**Dataset extract**
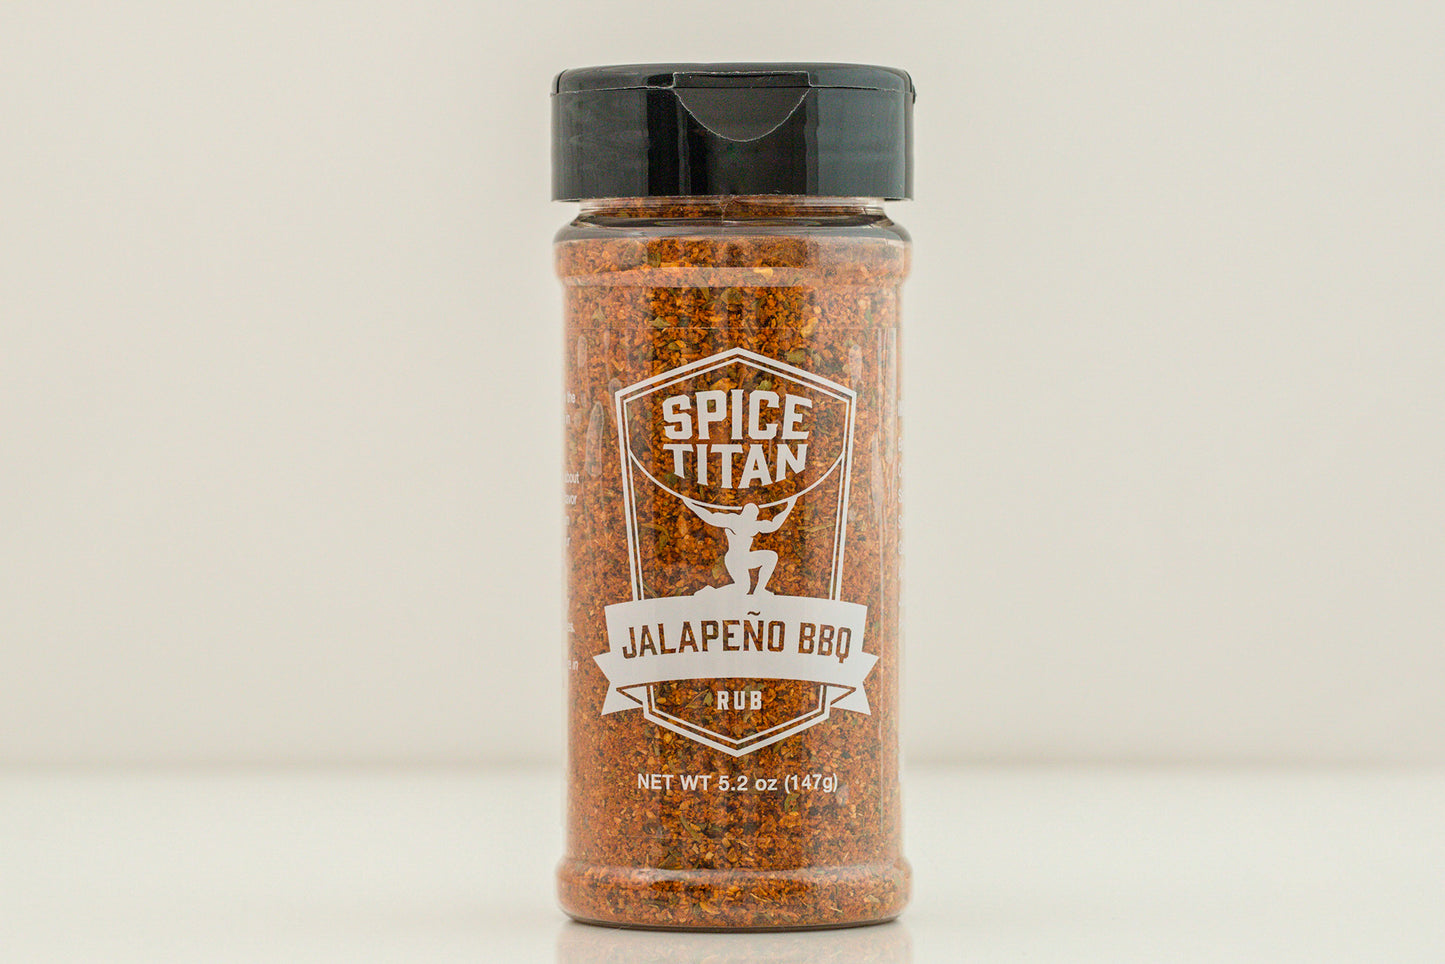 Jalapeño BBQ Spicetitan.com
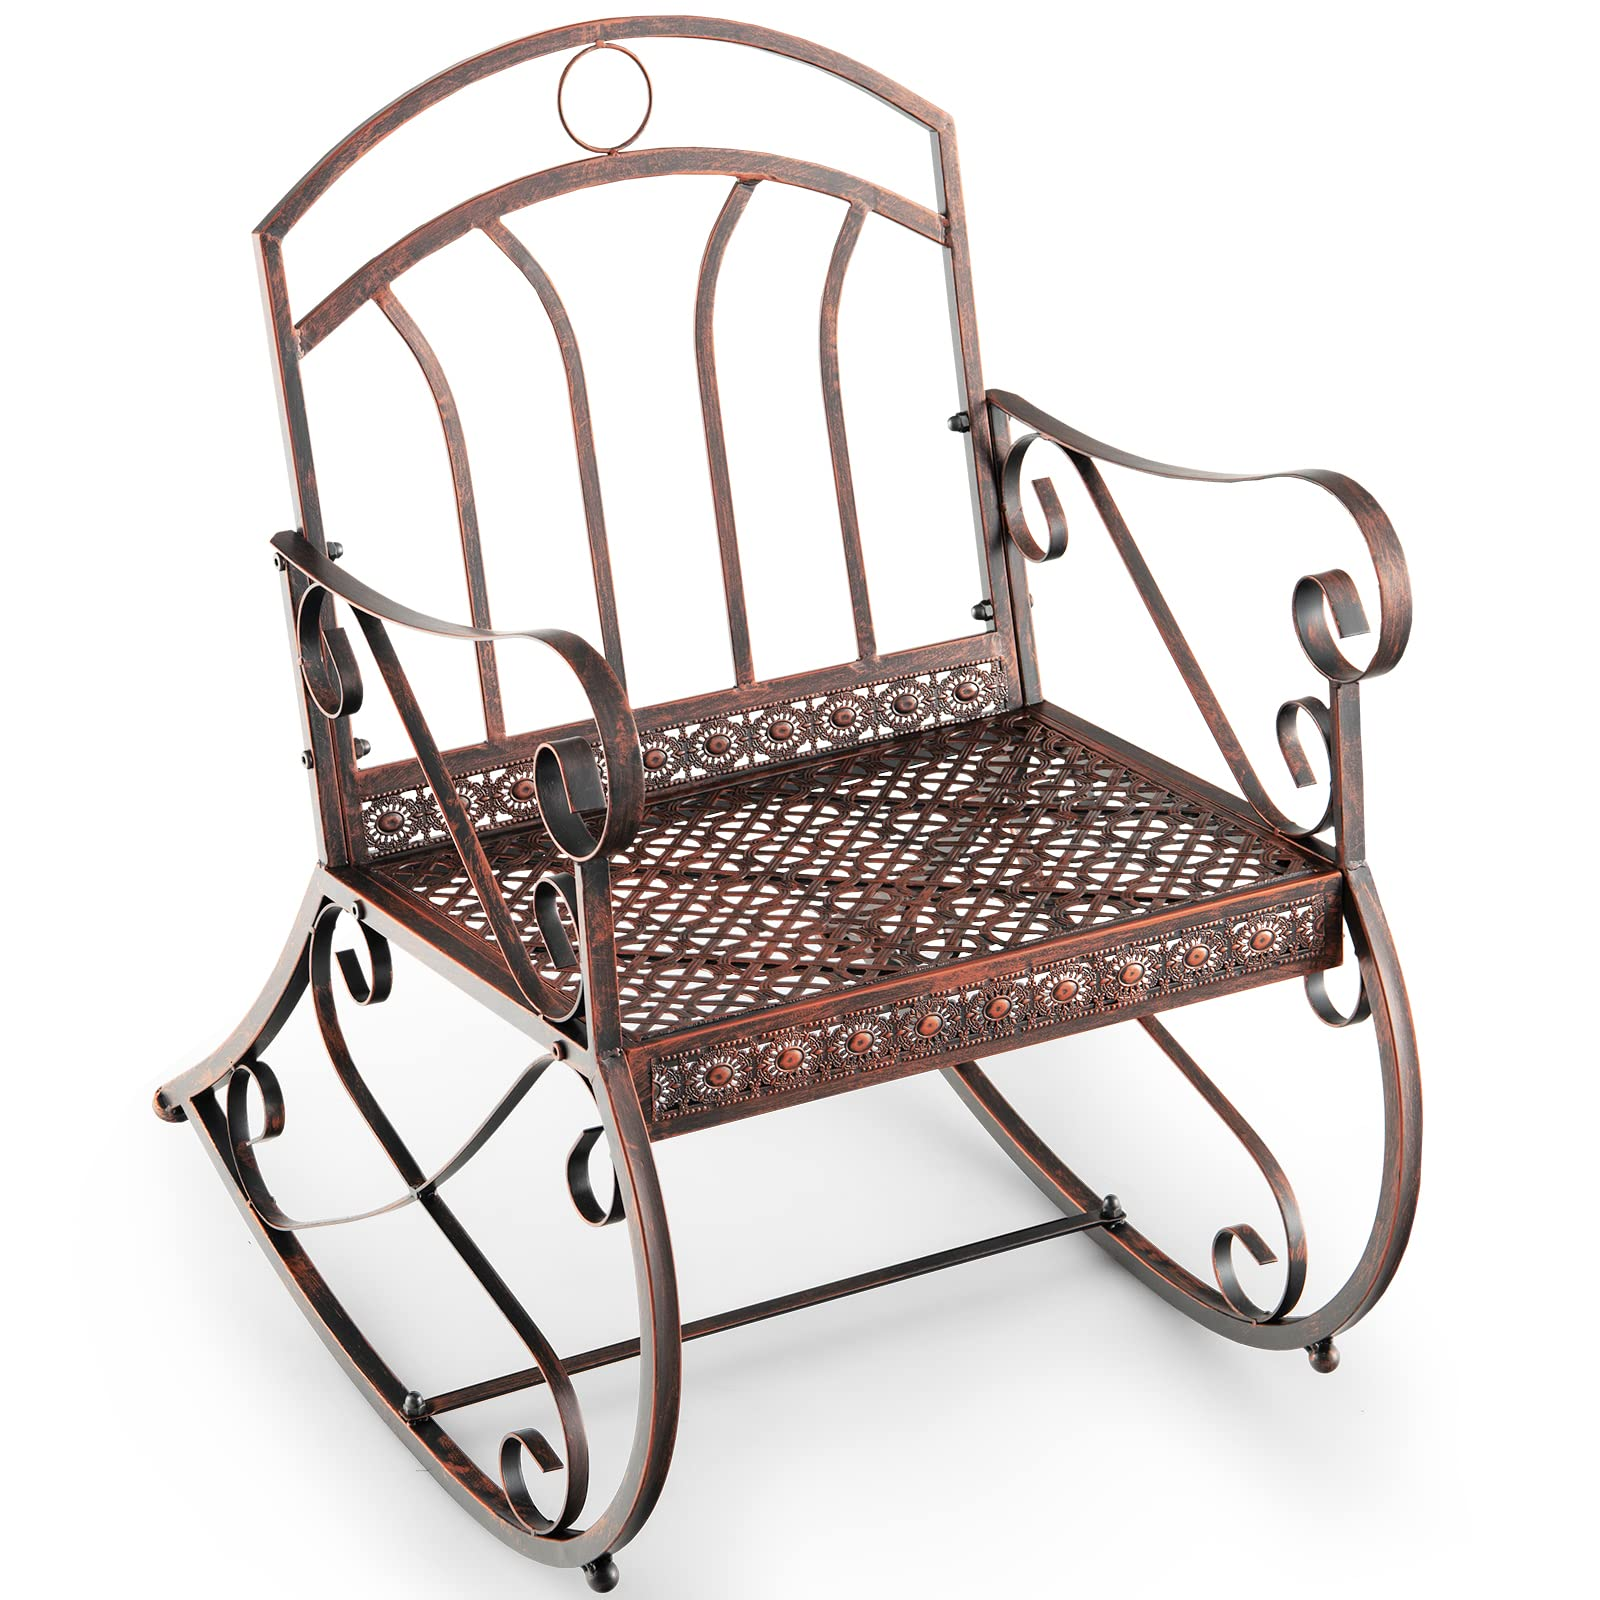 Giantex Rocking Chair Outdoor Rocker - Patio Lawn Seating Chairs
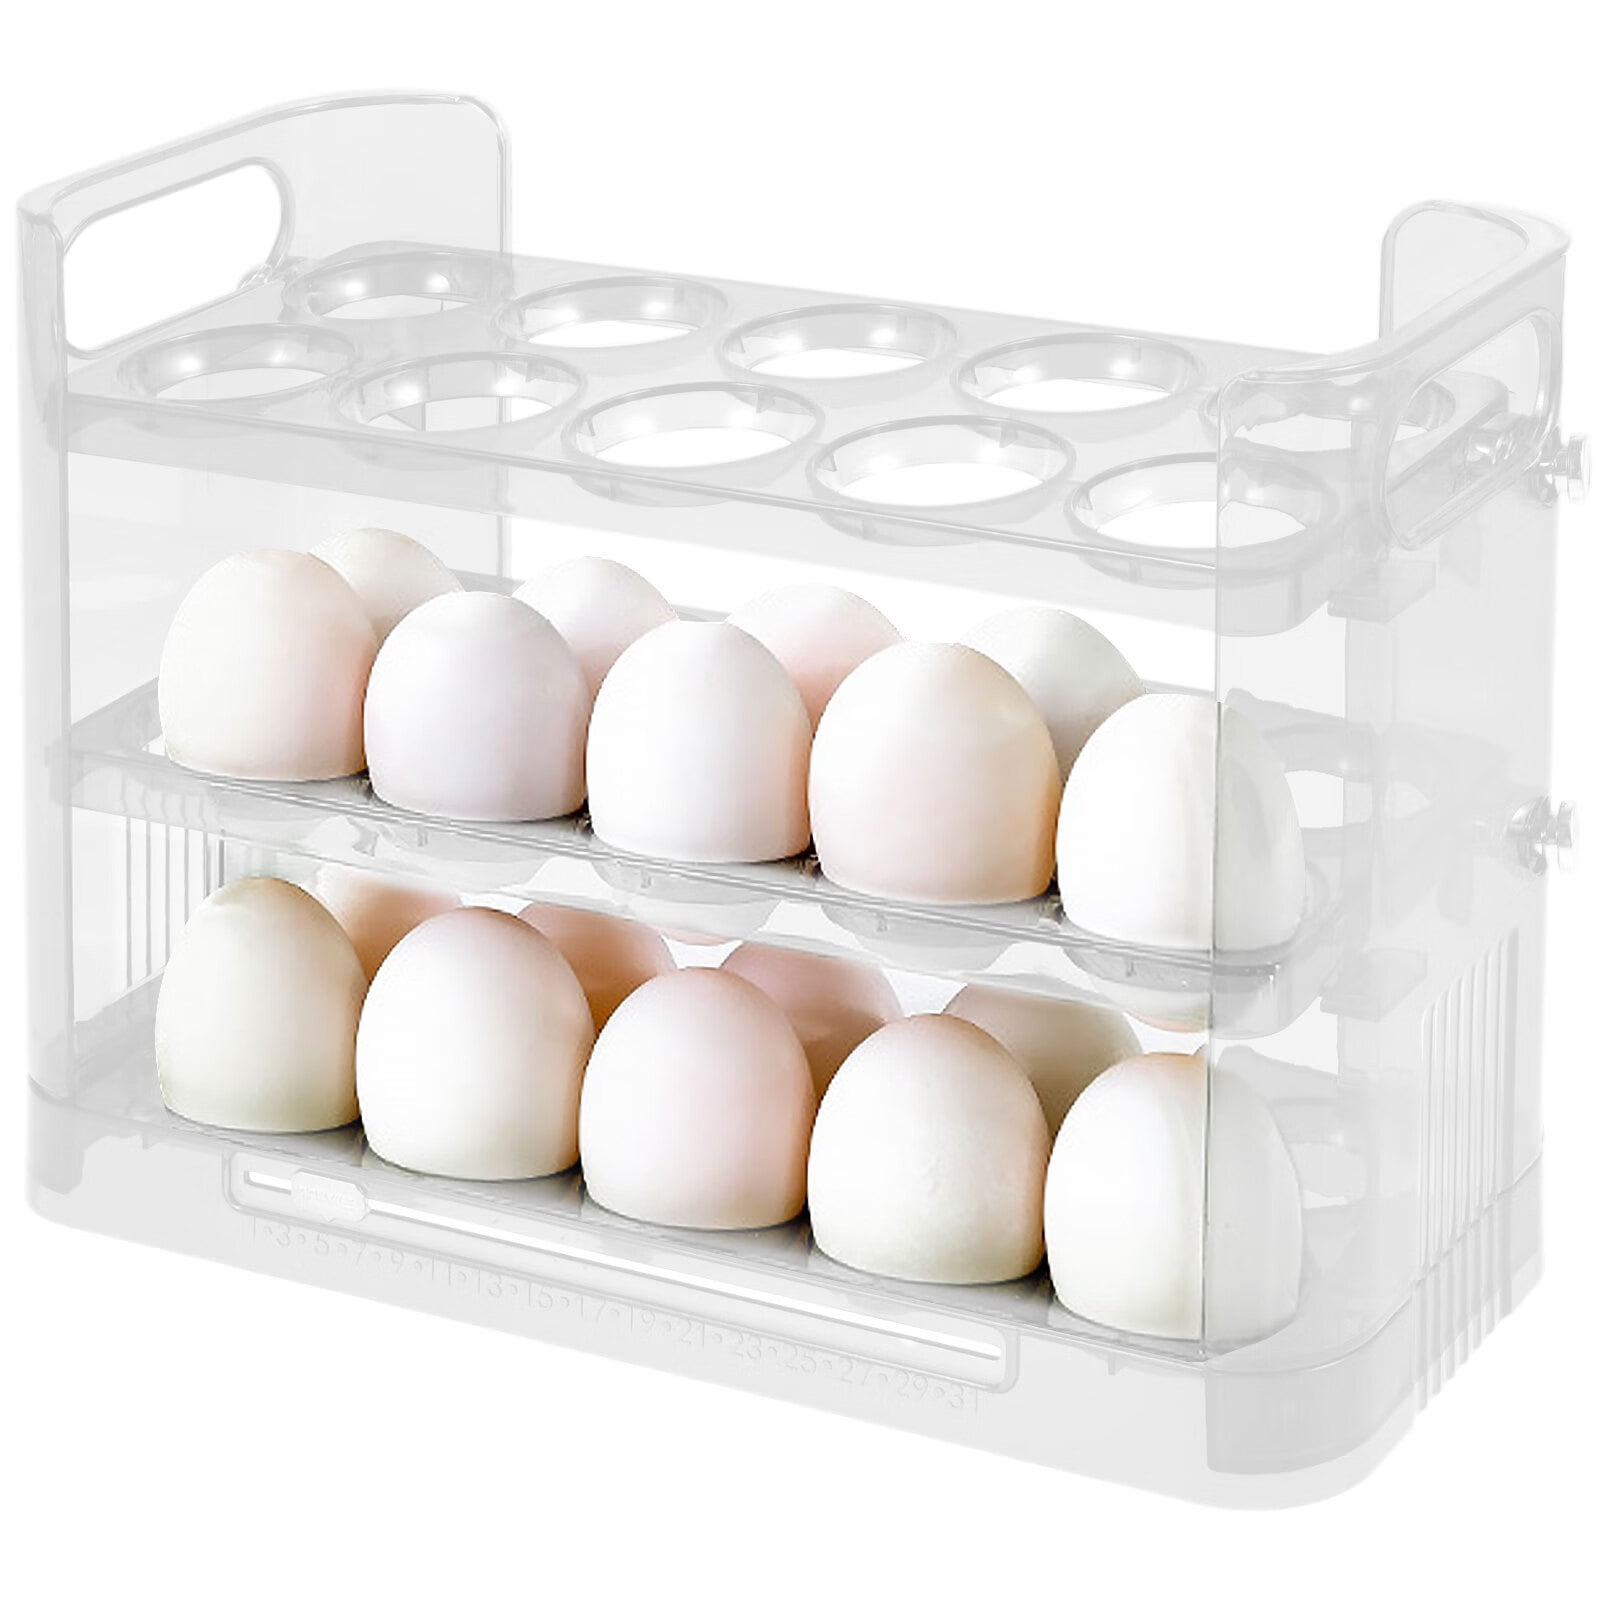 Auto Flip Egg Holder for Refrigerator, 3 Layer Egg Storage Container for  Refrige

**Required action**
Your answer must be the full listing, word for word, minus any images.

**Written response**
 Jalapeño BBQ Spicetitan.com
 Giantex Rocking Chair Outdoor Rocker - Patio Lawn Seating Chairs
 Auto Flip Egg Holder for Refrigerator, 3 Layer Egg Storage Container for  Refrige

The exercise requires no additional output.